India’s Swiggy has raised $43 million in fresh funding from existing and new investors, meaning that its ongoing Series I round has raked in $156 million for the restaurant delivery app so far.
Swiggy confirmed to AFN that Chinese tech giant Tencent – which first invested in Swiggy as part of its 2018 Series H round – put up some of the capital, while a constellation of South Korean firms backed the on-demand meals app for the first time.
These new investors include Samsung Ventures – a VC arm of the Seoul-based tech conglomerate – as well as Ark Impact, Korea Investment Partners, and Mirae Asset Capital Markets.
The startup said it had already secured $113 million since it opened the Series I in February, with return investor Prosus leading the round and Chinese food delivery giant Meituan Dianping – itself a Tencent investee – participating alongside US firm Wellington Management. The company is estimated to be valued at $3.6 billion, post-money.

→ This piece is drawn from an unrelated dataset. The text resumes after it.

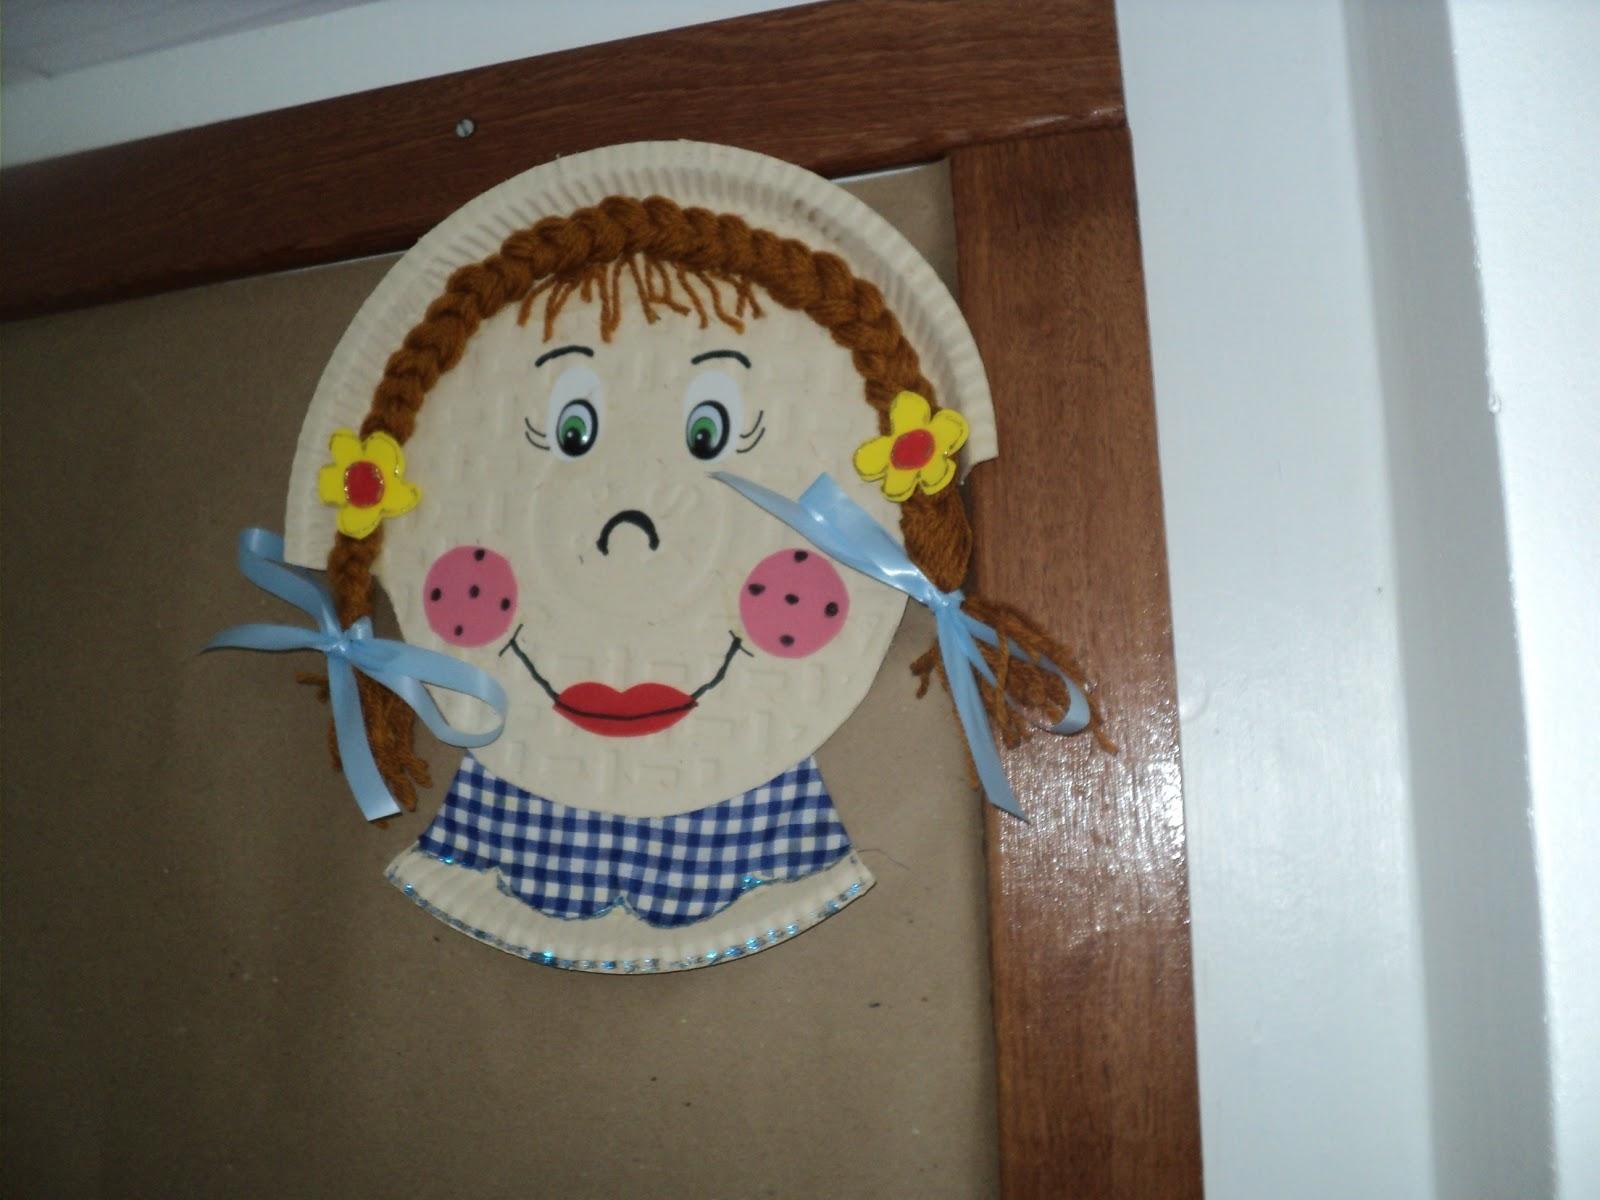 Armario De Quarto Feito De Caixote ~ Tathi sonho pratos decorados, artesanato na escola, decoraç u00e3o junina
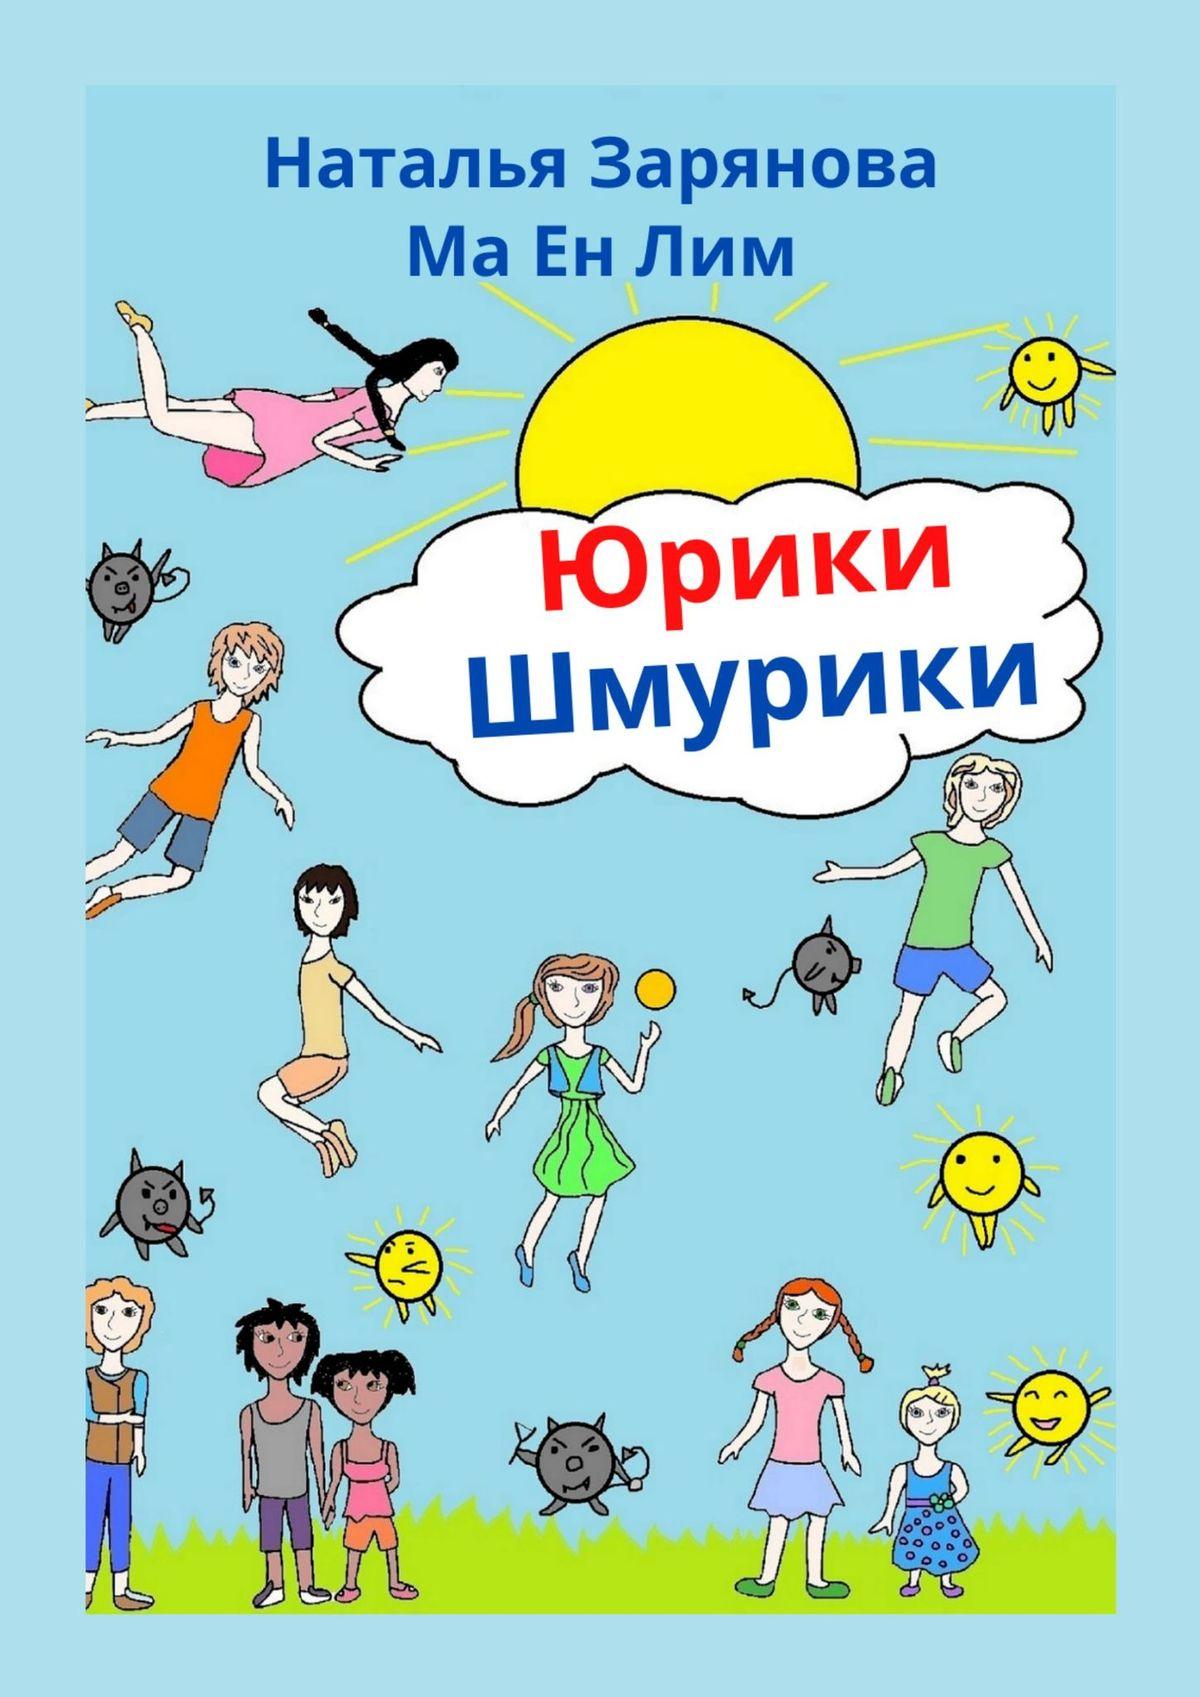 Наталья Зарянова Юрики-Шмурики королев в экономика и рынок для девчонок и мальчишек

Swiggy chief financial officer Rahul Bothra said in an email to AFN that the company has built a “sustainable” food-delivery business by “solving various customer pain points.”
“As we continue to strengthen and expand our services […] we are humbled by the faith shown by our investors year-on-year and welcome the new investors on board. Our focus remains to execute on our vision while building a sustainable path to profitability,” he added.
Swiggy’s Series H round in late 2018, which raised $1 billion, was led by South African internet company Naspers, which owns Prosus and is also a majority shareholder of Tencent.
While Tencent, Meituan, and Naspers have invested in Bengaluru-based Swiggy, the rival Alibaba-aligned camp has backed its key competitor Zomato.
The Gurgaon-based food delivery app raised $150 million from Alibaba affiliate Ant Financial in January, and has secured a further $5 million from UK investor Baillie Gifford since then. It also counts global food delivery giant Delivery Hero, Xiaomi affiliate Shunwei Capital, and Singapore sovereign fund Temasek among its previous investors.
Swiggy and Zomato have faced both challenges and opportunities amid India’s Covid-19 lockdown. In some states, they and other meal delivery apps were initially told to completely shutter their services. In other parts of the country, local government guidelines required them to operate with time restrictions or only in designated areas.
The two archrivals have seen orders drop by as much as 70% since the lockdown came into effect in mid-March. Third-party partnerships that leverage their driver corps – such as a tie-up with consumer goods giant Marico – are one channel through which the meal food delivery firms are hoping to shore up business.